Mann had moved to Santa Fe in the late 1980s after spending most of his life in his native New York City.
Mann always performed different styles, then combined them. He did bebop and cool jazz, and toured Africa, Brazil and Japan listening for new music.
"I just think he was a wonderful Pied Piper of jazz, drawing our attention to what's happening around the world and the country," said Johnson, a New York City composer who had known Mann for some 40 years. He called Mann "a guy who loved music of all kinds and was eager to explore it all."
Family of Mann, a group formed in 1973, played world music before it was called by that name. Mann's best-selling "Memphis Underground" was a founding recording of fusion.
If a genie offered Mann anything he wanted, he said in a 1995 Associated Press interview, he would choose a big band, including three rhythm sections for straight-ahead jazz, Brazilian music and soul.

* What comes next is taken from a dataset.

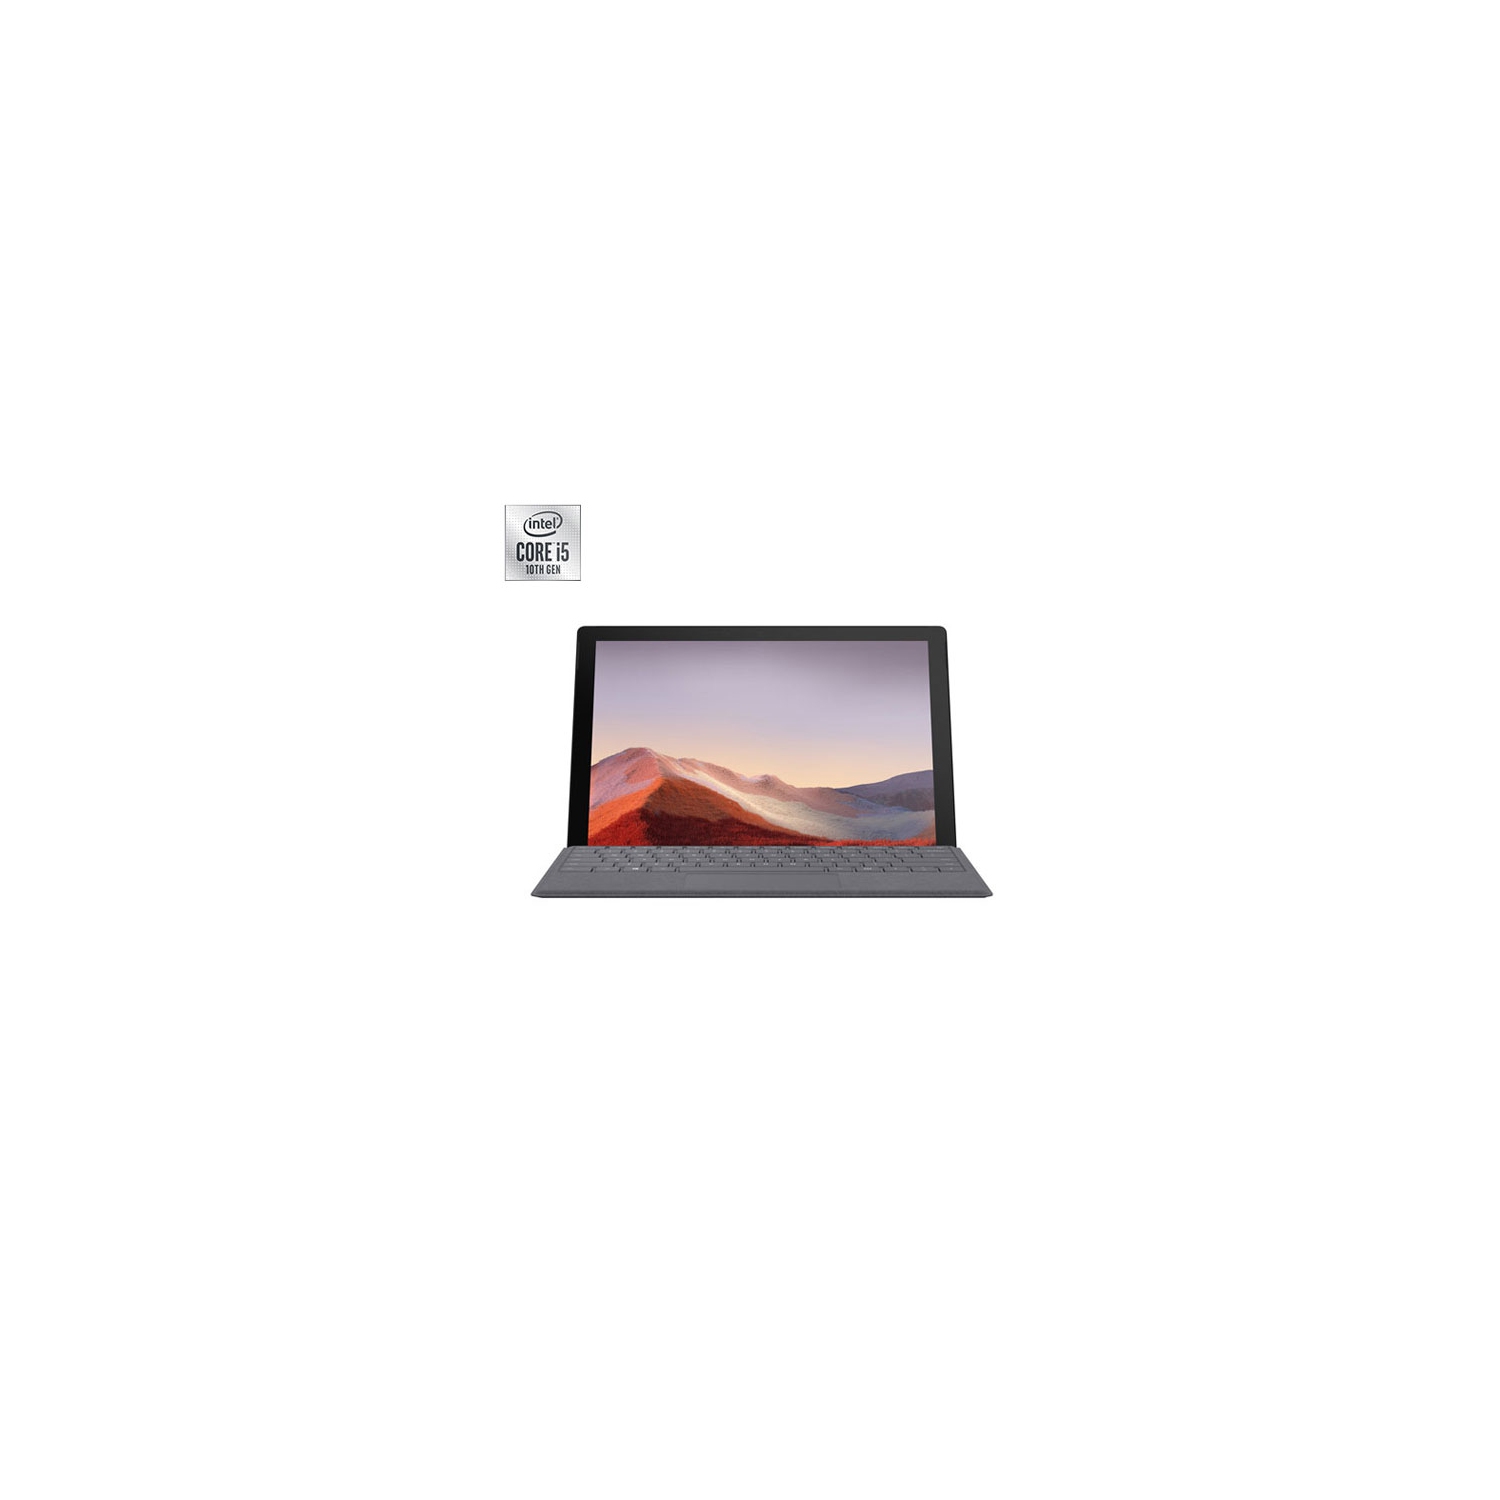 Refurbished (Good) - Microsoft Surface Pro 7 12.3" 256GB Windows 10 Tablet With 10th Gen Intel Core i5/8GB RAM - Black
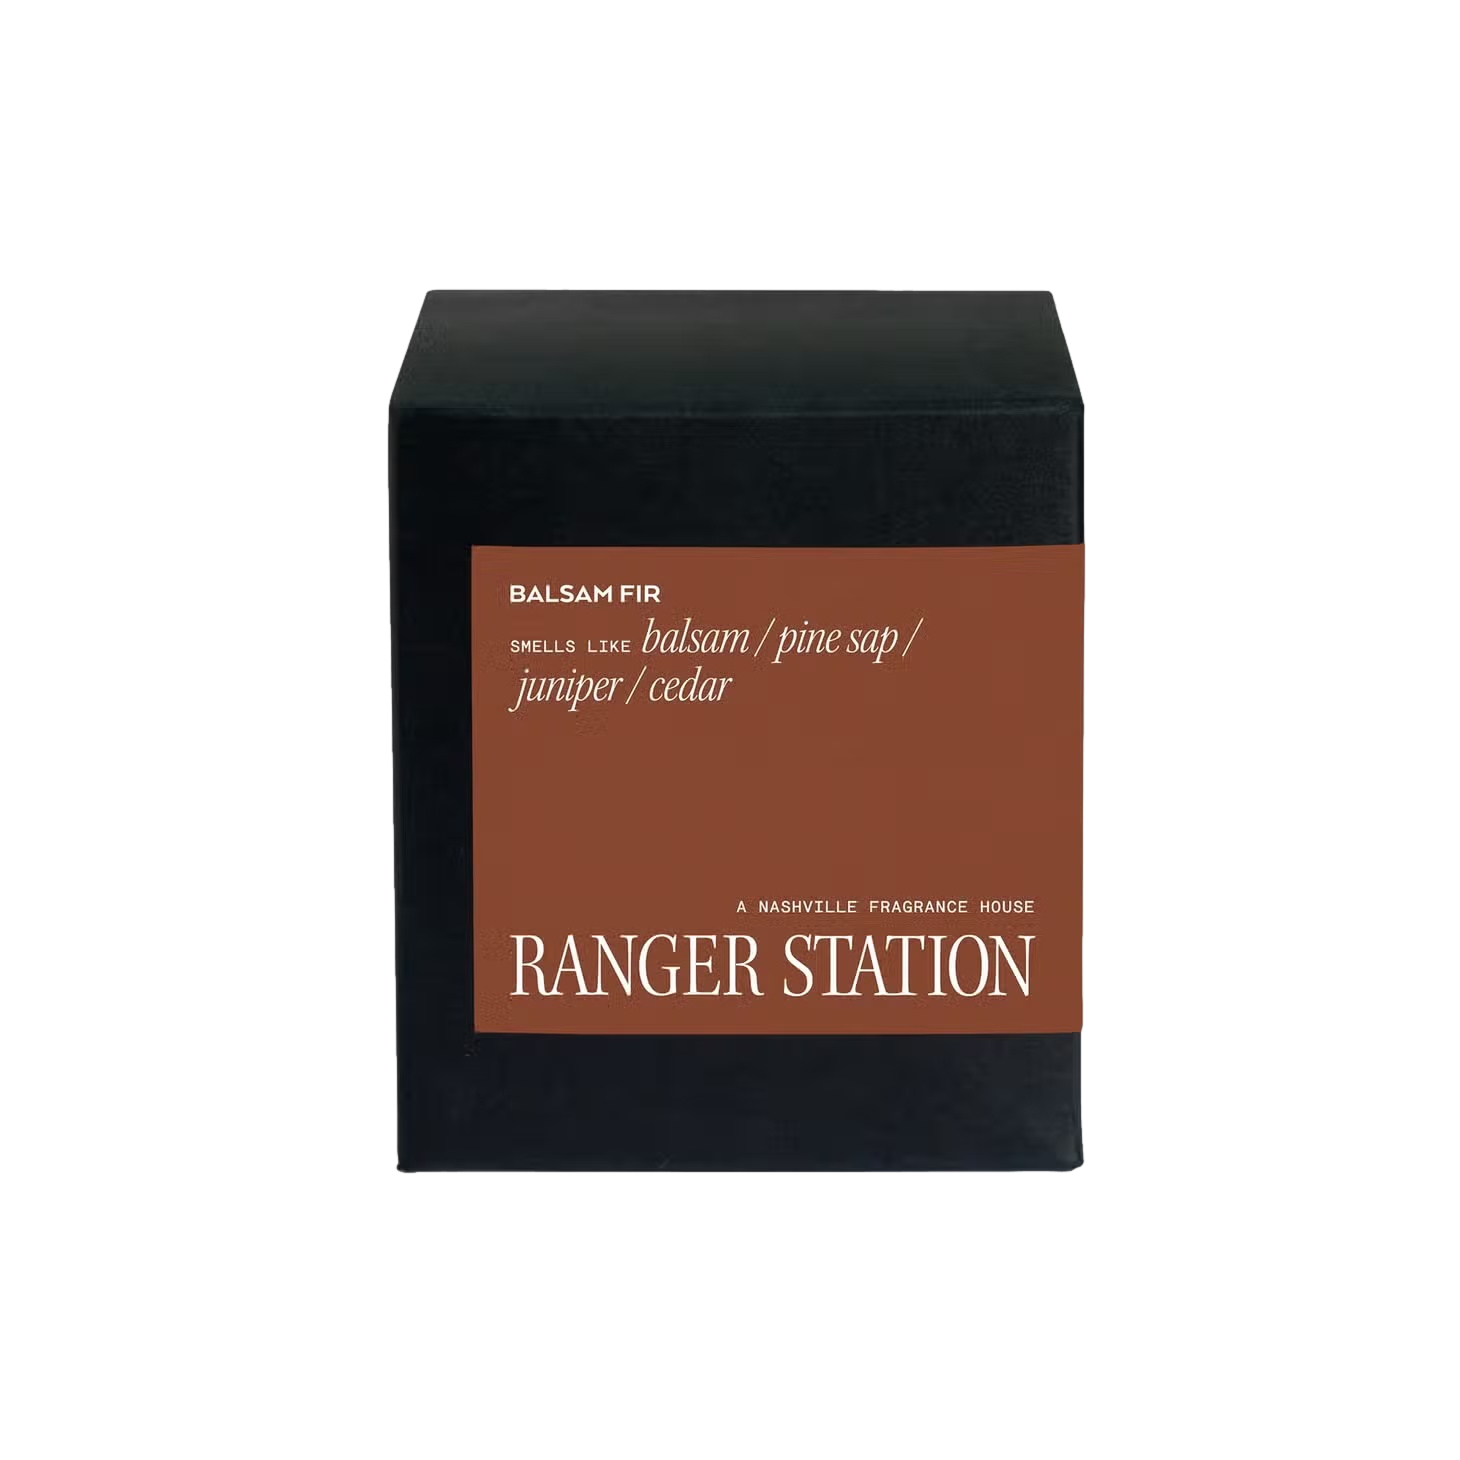 Balsam Fir Candle by Ranger Station

"I'd be able to play all that music; I wouldn't have to play any one thing all the time," he said. "And I would always like to try to evolve the music to another step. Once you reach the point where you play it perfectly in a genre, to me it gets boring. Then I want to try to evolve by combining things."
When he left Atlantic Records in 1979 he started producing his own records, and later he launched his own label, Kokopelli. In all, he made more than 100 albums as leader.
Album titles reflect Mann's versatility: "At the Village Gate" (1962); "African Suite" (1959); "Brasil, Bossa Nova & Blues" (1962); "Latin Mann" 1965; "Memphis Two Step" (1971); and "Eastern European Roots" (2000).
"As much as I love music, I never really thought it was my life. I thought it was the vehicle I used to express my life," he said.
Born Herbert Solomon in Brooklyn in 1930, he started his career when he was 15, playing in groups at Catskill Mountain resorts for the summer. He studied saxophone but preferred flute. In the 1950s, after three years in the Army playing with the Army Band in Trieste, Italy, Mann toured France and Scandinavia.
He credited visits to Africa and Brazil in the early 1960s with changing his musical outlook.
He returned and recorded with Brazilian musicians, including Antonio Carlos Jobim and a 19-year-old Sergio Mendes.
At 70, he put out a CD called "Eastern European Roots."
"I've played Cuban music, but I'm not Cuban," he told the Rocky Mountain News. "I've played Brazilian music, but I'm not Brazilian. I've played jazz, but I'm not African-American. What I am is an Eastern European Jew. I love all the music I've played, but I wanted something that is mine. ... I had been writing this music for years, but I never thought there was a place for me to play it."
"I'm playing better than I've ever played," Mann said in the 1995 AP interview. "As far as I'm concerned, almost everything I've done in the past has been on the surface or just a hair below. Now I'm getting serious."
His last live gig was May 3 at the New Orleans Jazz and Heritage Festival, where he received a standing ovation.
Mann is survived by his wife, Susan Janeal Arison; sons Paul Mann of San Francisco and Geoff Mann of New York City; daughters Claudia Mann-Basler of Espanola, N.M., and Laura Mann of New York City; his mother, Ruth Solomon of Hallandale, Fla.; and a sister, Judi Burnstein of Niceville, Fla.